Kaitai Struct Parser

The Kaitai Struct Parser processor uses a Kaitai Struct format description file to parse binary data embedded in a field and passes the parsed data to the record. You can include the Kaitai Struct Parser processor in a pipeline with an origin configured to read binary data.

Kaitai Struct is a declarative language used to describe binary data structures. A .ksy format description file describes a binary file. You can develop a format description file that describes a binary file, or you can use an existing format description file for standard binary files. For more information, see the Katai Struct website.

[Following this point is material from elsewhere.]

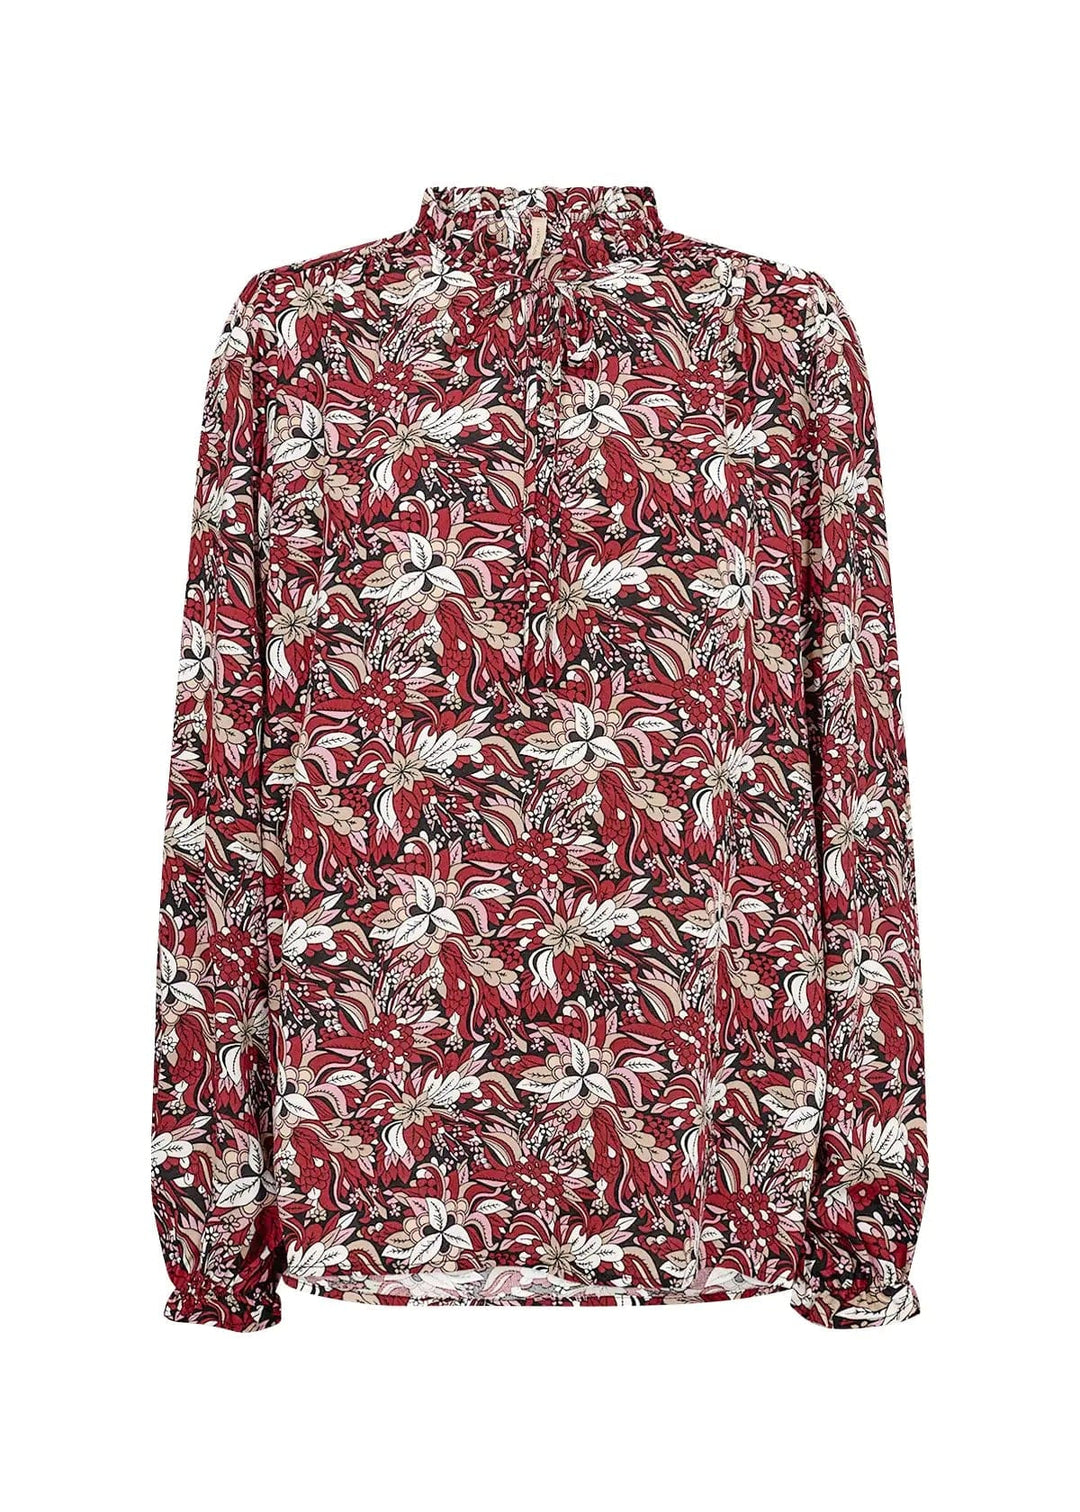 Sc-Tarita 1 Cardinal Combi | Skjorter og bluser | Smuk - Dameklær på nett

The Kaitai Struct Parser processor compiles a format description file, calls the compiled file to parse binary data passed in incoming records, adds fields defined in the format description file to the records, inserts the values returned by the compiled file, and passes the record to the next stage. The processor temporarily stores the compiled file while the pipeline runs. The processor deletes the compiled file when the pipeline stops.

To configure the Kaitai Struct Parser processor, you specify the Kaitai Struct format description file. You can specify the format description file by specifying the file path or by pasting the content of the file directly into the stage.

If Data Collector uses Java 8, then you must complete a prerequisite task before running pipelines with the Kaitai Struct processor.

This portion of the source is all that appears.